Section 276(1) of the Act provides that an adjudicator may make an order that is just and equitable in the circumstances (including a declaratory order) to resolve a dispute, in the context of a community titles scheme, about:

(a) a claimed or anticipated contravention of the Act or the community management statement; or

(b) the exercise of rights or powers, or the performance of duties, under the Act or the community management statement; or

(c) a claimed or anticipated contractual matter about -

(i) the engagement of a person as a body corporate manager or service contractor for a community titles scheme; or

(ii) the authorisation of a person as a letting agent for a community titles scheme.

An order may require a person to act, or prohibit a person from acting, in a way stated in the order (section 276(2)). An adjudicator's order may contain ancillary and consequential provisions the adjudicator considers necessary or appropriate (section 284(1)).

In general this is a matter which falls within the legislative dispute resolution provisions.[3] However, as pointed out in my interim order, I have no jurisdiction to make any orders about the BCM’s compliance with the Code or the terms of their engagement, because:

1.There is no jurisdiction under section 227(1) of the Act for an owner to make an application against a BCM.
2.While the applicant has not (following amendments to the application) named the BCM as a respondent, he has purported to seek orders against the BCM. It would generally be contrary to the principles of natural justice to make an order against a party who has not been named as a respondent to a dispute and been able to respond to the dispute as such.
3.A dispute on these matters (for example between a body corporate and a BCM), would raise contractual issues and so would need to be determined by the Commercial and Consumer Tribunal or by specialist adjudication.[4]


DETERMINATION

The applicant has sought five final orders in relation to the administration of this scheme. I have addressed each in turn. My consideration of the application has been hindered by the disjointed and often unsubstantiated nature of the applicant’s statement of grounds.

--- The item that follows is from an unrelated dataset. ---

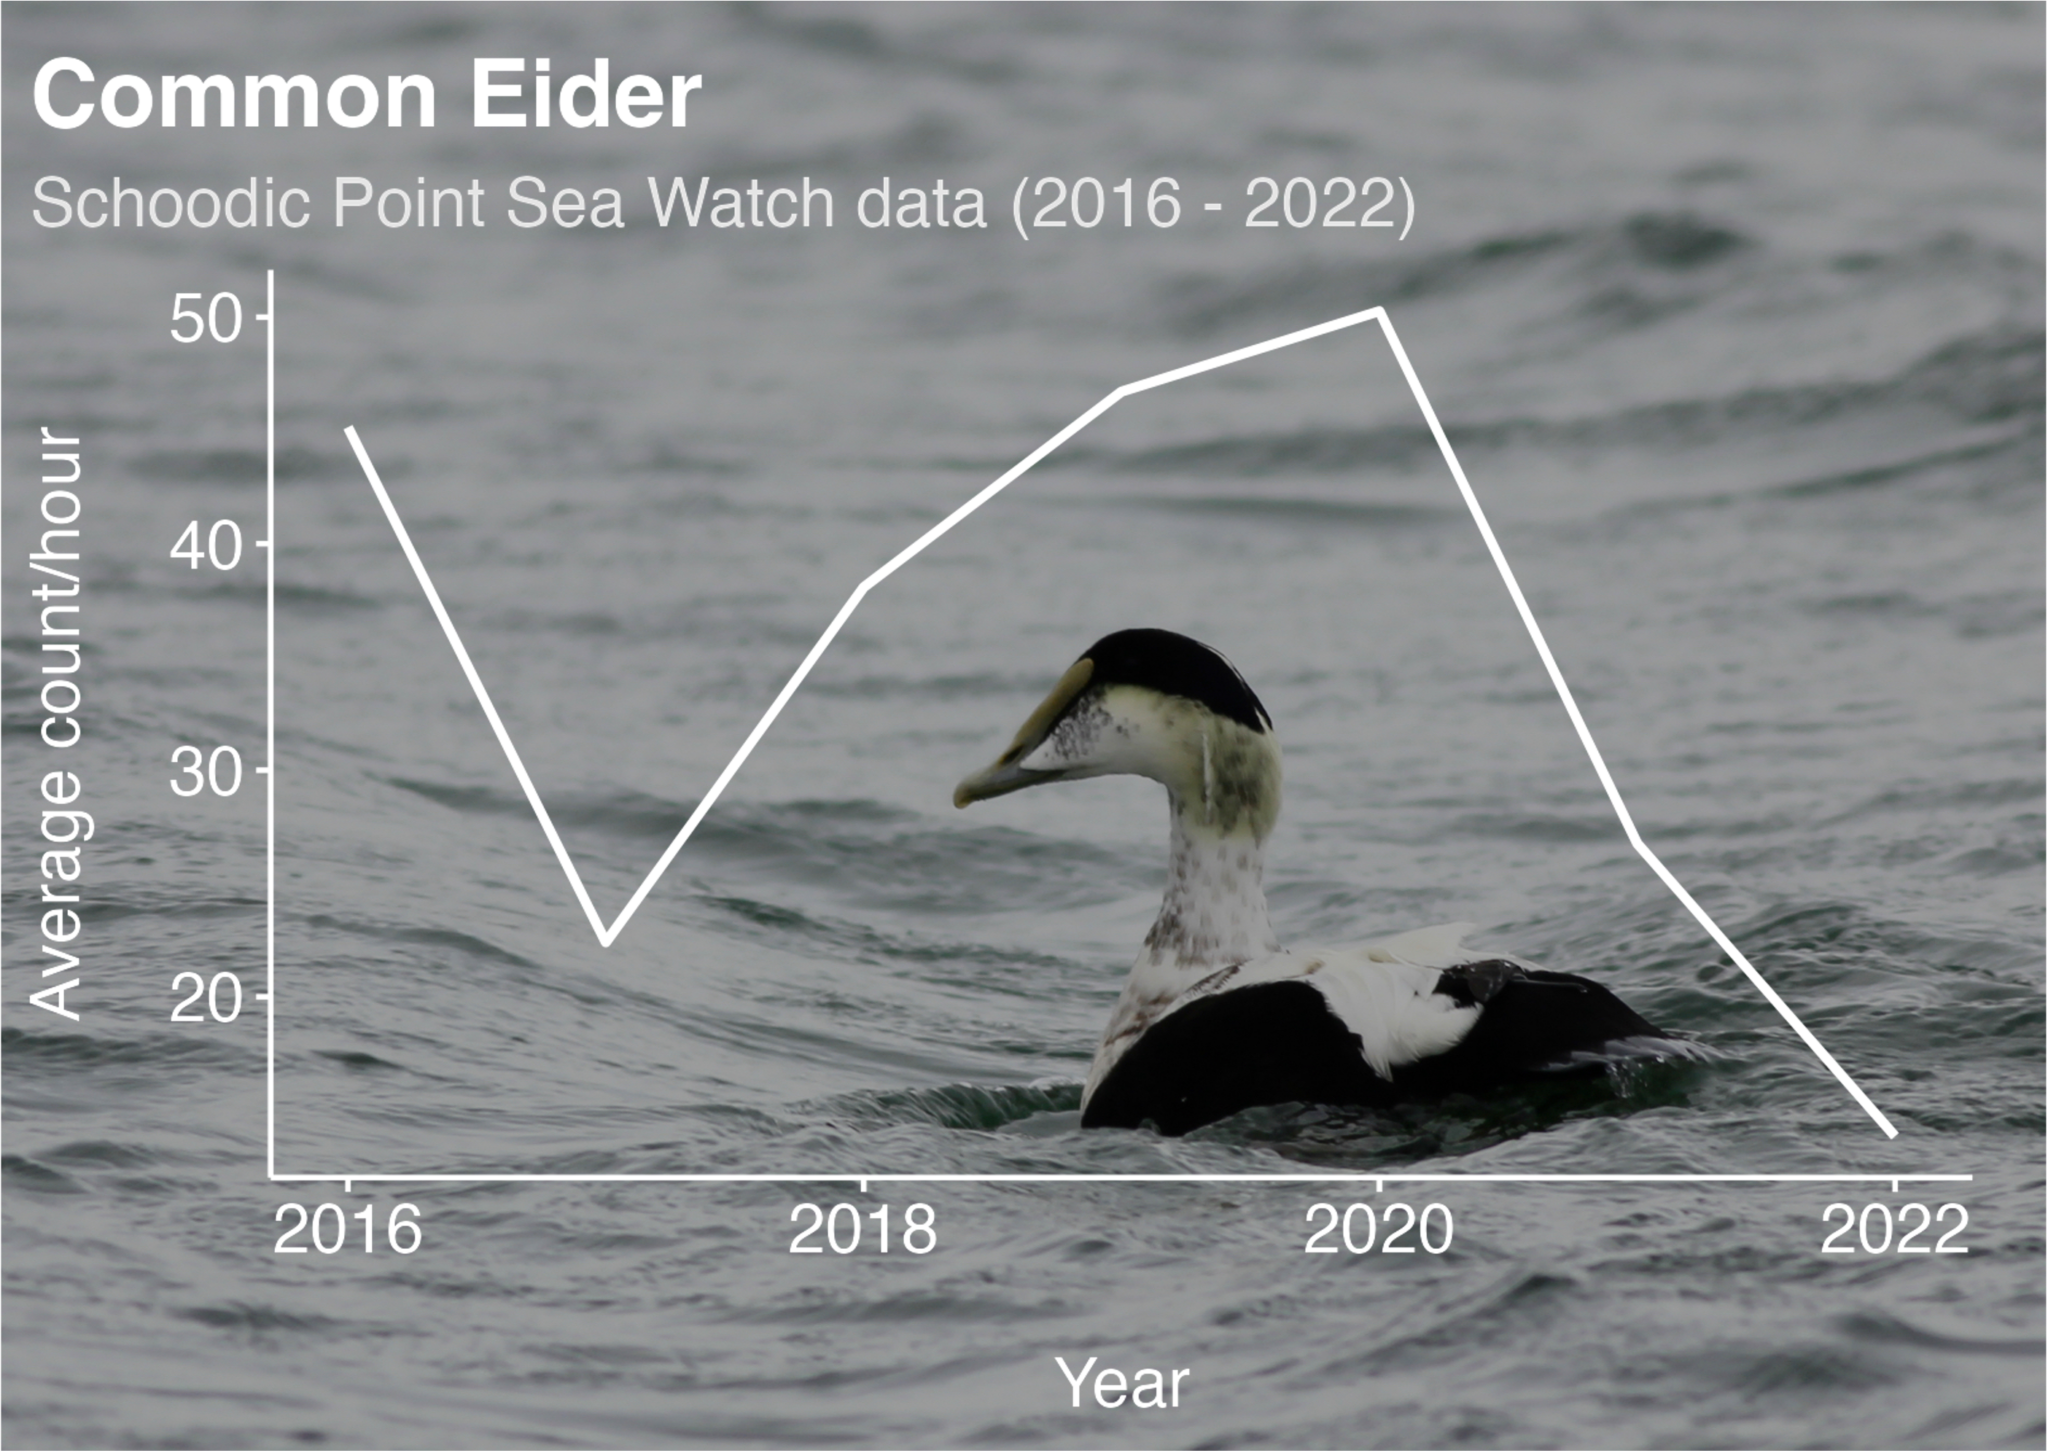 Graph showing common eider counts per hour from 2016 - 2022, according to Schoodic Point Sea Watch data.

Validity of resolutions purportedly passed by the Committee

The applicant gives little details of purported resolutions that he believes occurred after the AGM, particularly in relation to the cancelled EGM. It does appear that no formal Committee meetings were held since the AGM. As such, there is some basis to suggest that the Committee did not validly call the cancelled EGM. However, as the EGM was ultimately cancelled, it does not appear that any substantial disadvantage has been suffered by any owner or that there would be any material benefit to owners from an order declaring that any purported decisions were invalid.

I remind the applicant that the purpose of the dispute resolution service is to resolve disputes and that, pursuant to section 276(1) of the Act, an adjudicator may make an order to ‘resolve a dispute’. I see no basis to determine that the first outcome sought by the applicant, even if warranted, would resolve anything in this scheme.

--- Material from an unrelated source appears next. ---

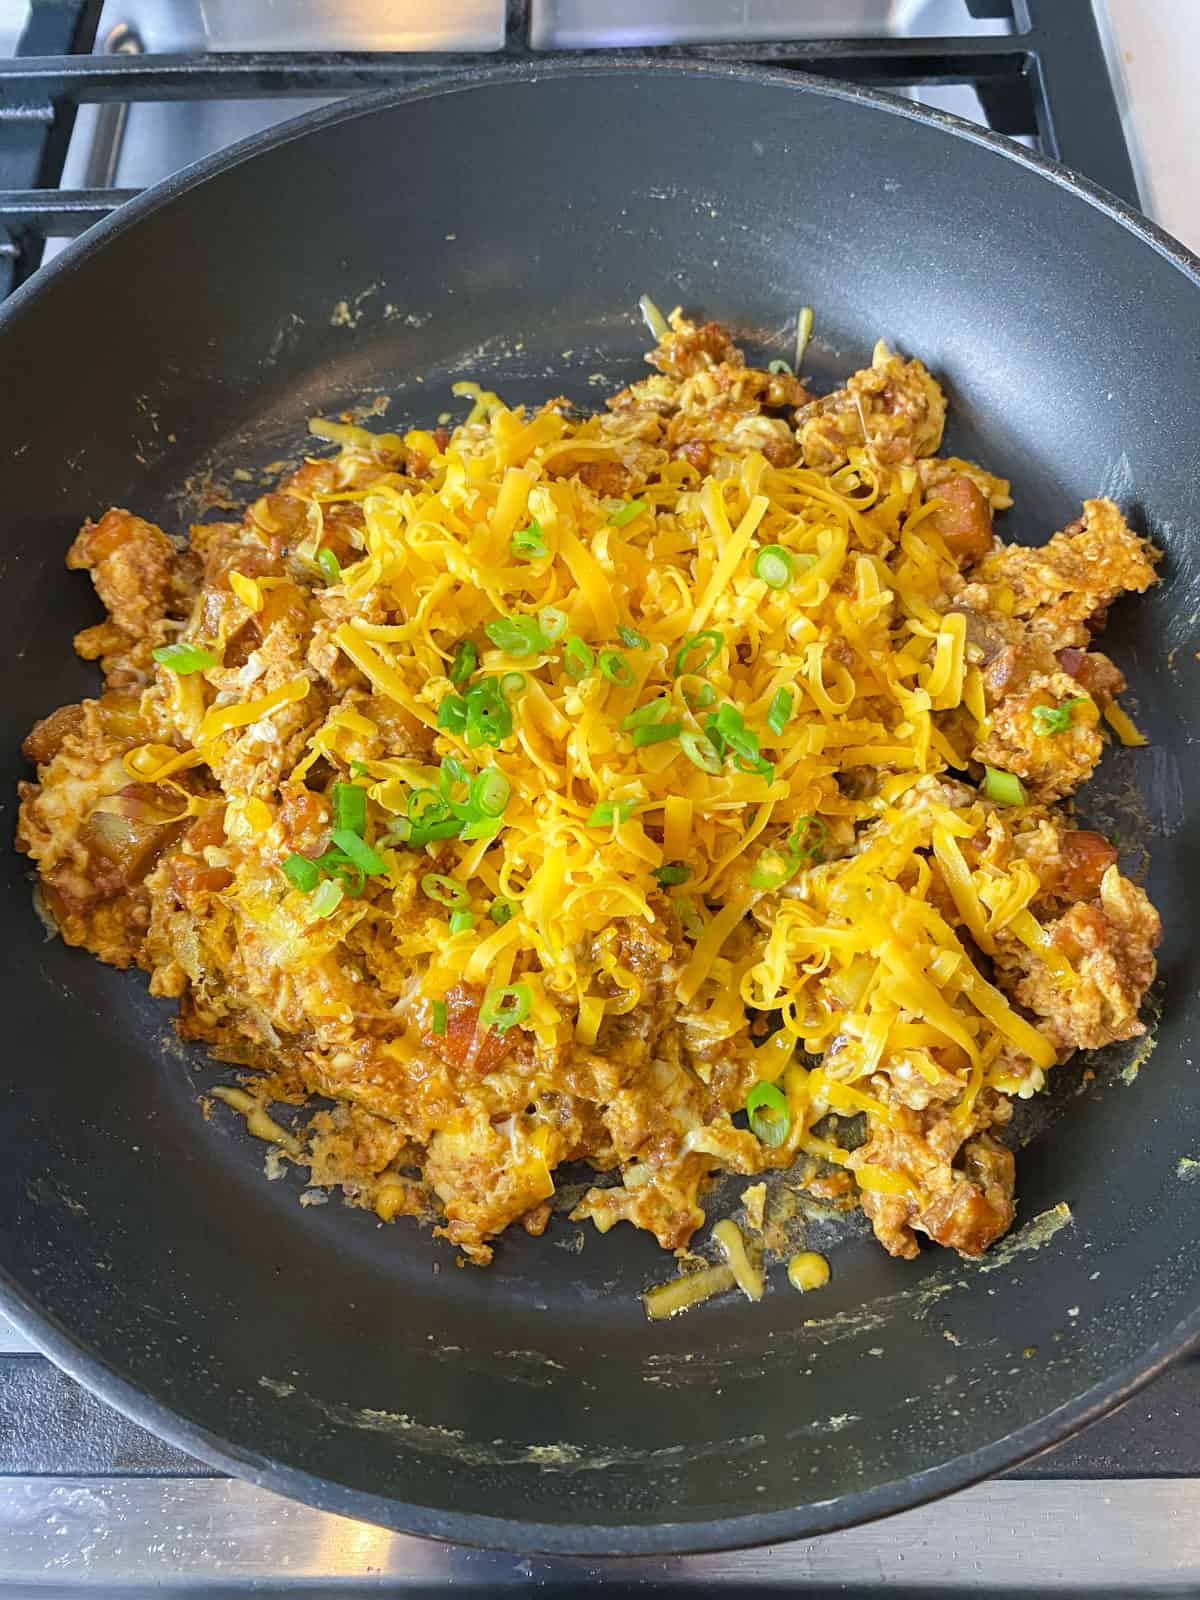 Add shredded cheddar cheese and green onions to the chorizo and egg scramble.

While it is not necessary to determine the issue to determine this application, it does appear that there were defects in the cancelled EGM. The wording of the motions and incorrect attachments, combined with the apparent failure of the meeting and its agenda to be authorised by the Committee, would certainly have put the validity of the meeting in doubt had it proceeded. Accordingly, it seems entirely appropriate to cancel the meeting.

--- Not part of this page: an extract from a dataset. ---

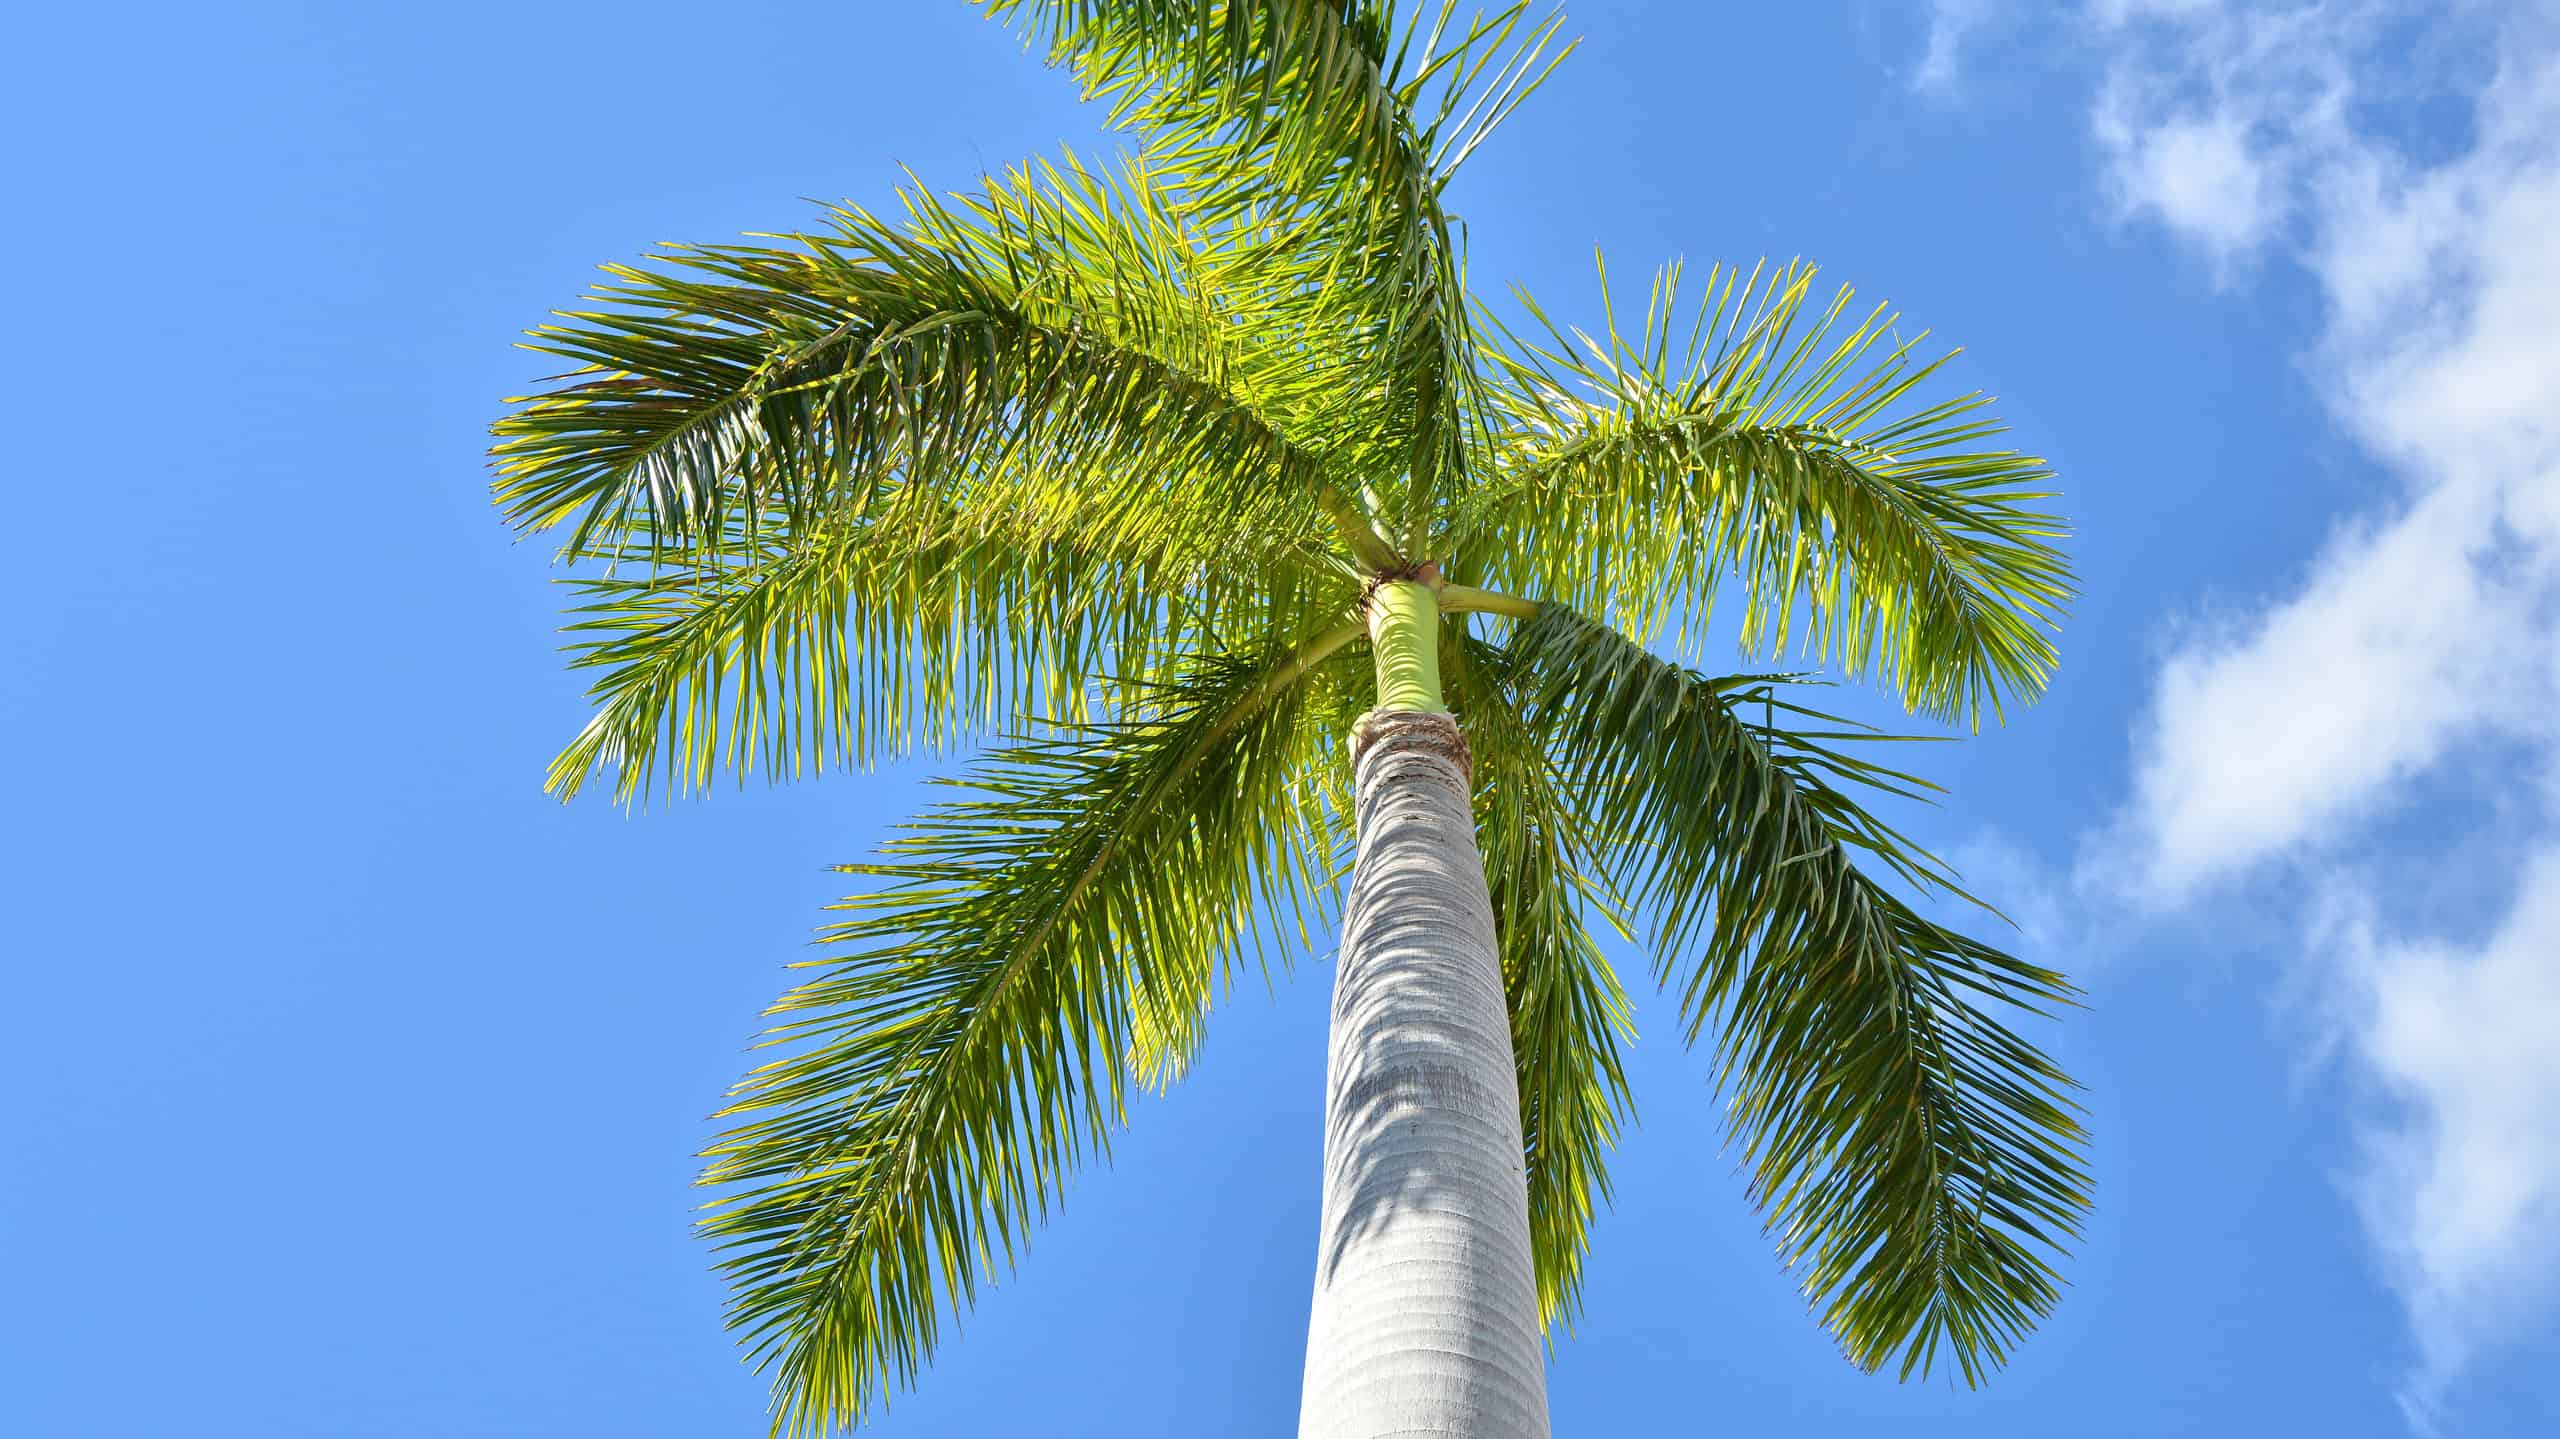 Royal Palm Tree - Varieties, How to Propagate and More - A-Z Animals

All decisions of the Committee (including to authorise the calling of a general meeting and to prepare an agenda) must be made by a resolution in a committee meeting (pursuant to section 31 of the Accommodation Module) or in accordance with the processes for voting outside committee meetings (under section 33). My interim order highlighted other key provisions of the Accommodation Module in regard to Committee meetings and calling general meetings. The Committee is on notice that the validity of any meeting that does not comply with these processes is put in doubt. I would also encourage the Committee to utilise the services of the Information Service in the Commissioner’s Office[5] to ensure they are aware of their responsibilities.

Conduct of the BCM

The applicant has sought an order that the BCM be required to comply with the Code or the terms of their engagement in relation to the calling and cancellation of the cancelled EGM. For the reasons outlined above, I have no jurisdiction in this matter to make any orders against the BCM. However I will make the following observations for the information of parties.

The applicant has provided no evidence that the BCM acted unilaterally in calling or cancelling the EGM in question. Such evidence would seem to be necessary to substantiate any claim against the BCM. The BCM can only act under the direction of the Committee. If the Committee directs the BCM to convene or cancel a meeting the BCM must act in accordance with that direction. While the BCM should certain make every effort to alert the Committee to potential defects in documentation and processes, they should not countermand a direction from the Committee.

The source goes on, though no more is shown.